Según las reglas de FIFA no se puede retener/prender el balón con las piernas.


----------



## ferenbrasil

ferenbrasil said:


> ¡¡Claro!!
> 
> Pues en efecto, la "nh" no se utiliza en español, pues su equivalente es la "ñ". Sin embargo, se le conoce así porque es considerada una jugada de fantasía, al estilo brasileño, por lo que le adaptaron el diminutivo del portugués "-inha".
> 
> Cuauhteminha le pusieron porque -aunque no la inventó él- la popularizó un jugador mexicano en el mundial de Francia 1998 contra Corea del Sur. Su nombre: Cuauhtemoc Blanco.
> 
> Cuauhtemoc era el nombre del último emperador azteca que combatió contra los españoles antes de la caida del imperio. Es un nombre indígena en lengua náhuatl (cuāuh- 'águila' témōhuia 'descender, bajar') "Águila que cae".
> 
> Para hacerlo más visual, en el buscador de youtube escribe "*cuauhtemiñas y pases de joroba Cuauhtemoc blanco*". Es un video en el que se puede apreciar la "cuauhteminha" en el mundial Francia 1998 vs Corea del Sur y una más vs Italia. Se puede ver que la hacía en partidos de liga, pero se dió a conocer en el mundo por la que hizo contra Corea del Sur (aunque curiosamente, esa no le salió muy bien).
> 
> Hay otro video titulado "cuauhtemiña" en el que se puede escuchar la ovación de los aficionados luego de una "cuauhteminha" en el estadio azteca, casa de las "águilas del américa", donde jugó al lado de Salvador Cabañas (veo que eres paraguayo, ¿no?). ¿Te imaginas el espectáculo que daban los dos juntos?
> 
> Por último, sólo quiero agregar que, al ser una jugada no permitida, Cuauhtemoc la modificó para que no fuera sancionado. La verdad no estoy muy bien enterado pero parece que la FIFA no permite retener el balón entre las piernas.
> 
> Un saludo y espero que sigan compartiendo las formas de "bater uma pelada" en otros países.


 
Como no puedo agregar links de youtube hasta que no cumpla con una cuota de 30 posts, pues sólo puedo agregar el nombre de los videos tal cual aparecen en youtube. Copien y peguen en el buscador de youtube.

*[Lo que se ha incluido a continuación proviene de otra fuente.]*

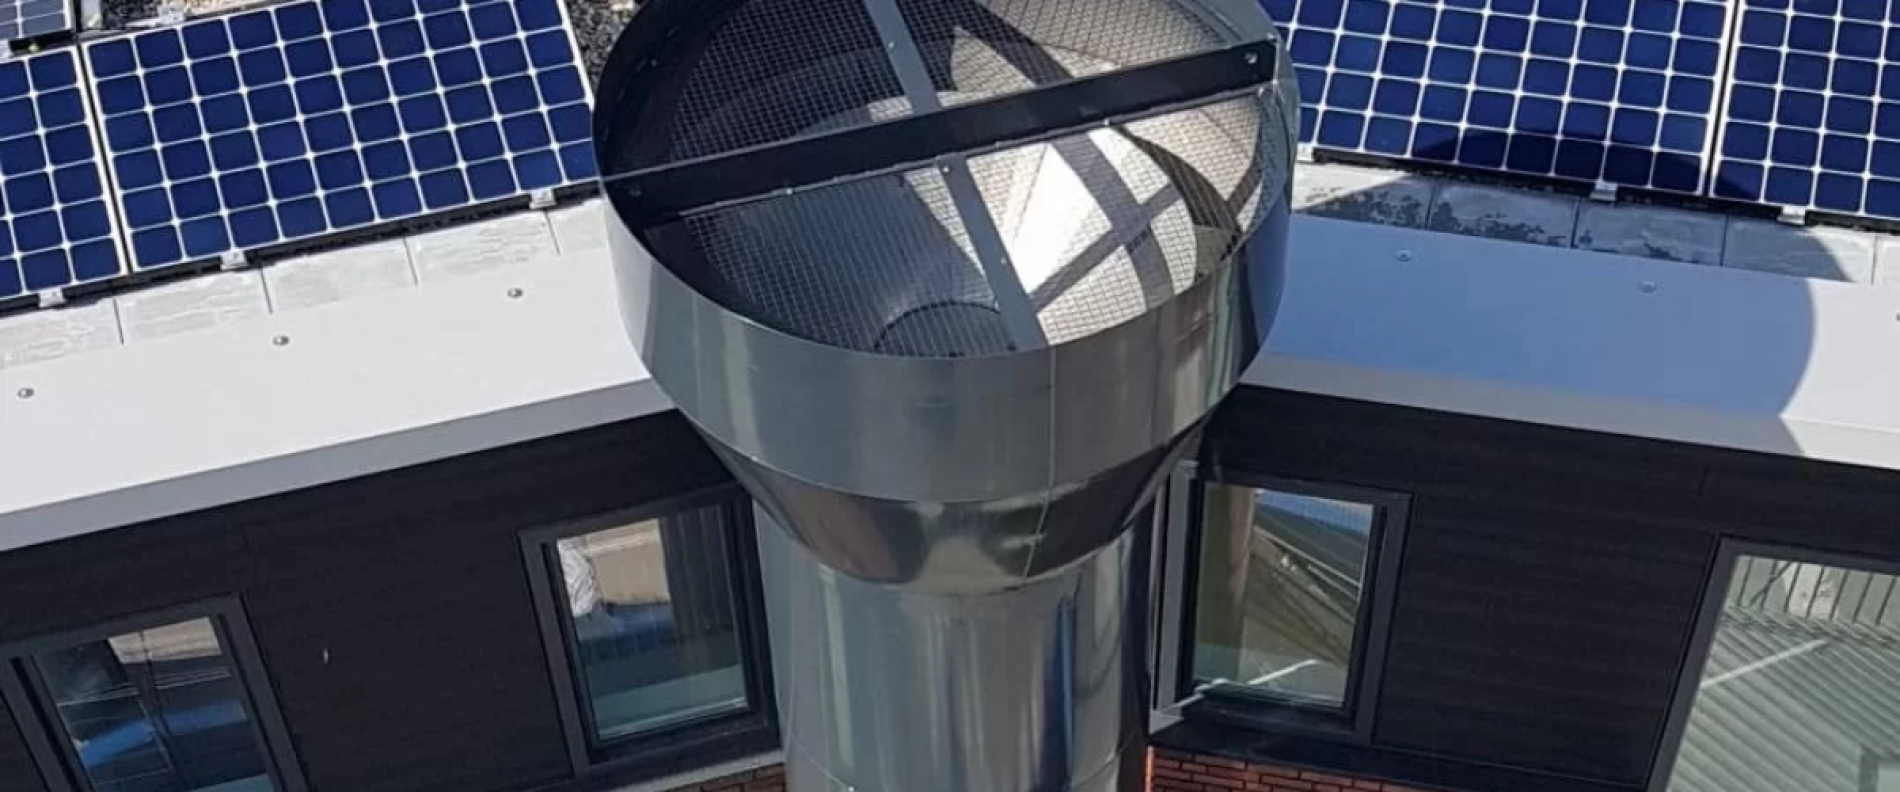 bovenaanzicht van de ventilatieschacht die in verbinding staat met de parkeerplaats in Zwolle

Se muestra como "bater uma pelada" o "echar una cáscara" en México forma parte del día a día. Considero que les gustarán, son muy buenos:

*"Comercial Corona Futbol La pasión manda 2010"*
*"Coca-Cola Zero Fútbol Callejero Zero "*

Unos que seguro disfrutarán
*"Yo amo el futbol spot tv azteca"*  **Nota: Si conocen una chica así, acuérdense de mí
*"Todos los comerciales de Pidele un tiempo - Cerveza sol*
*"COMERACIAL CORONA - Gol de Santos Laguna!"*


----------



## jcr.meta

En Uruguay, "jugar un picadito" 

Saludos.


----------



## La chica_chocolate

Muchas gracias a todos.
Las expresiones coloquiales son de una riqueza léxica en el mundo hispano realmente increíble. 
Un gran abrazo a todos que se dispusieron a compartir sus conocimientos!


----------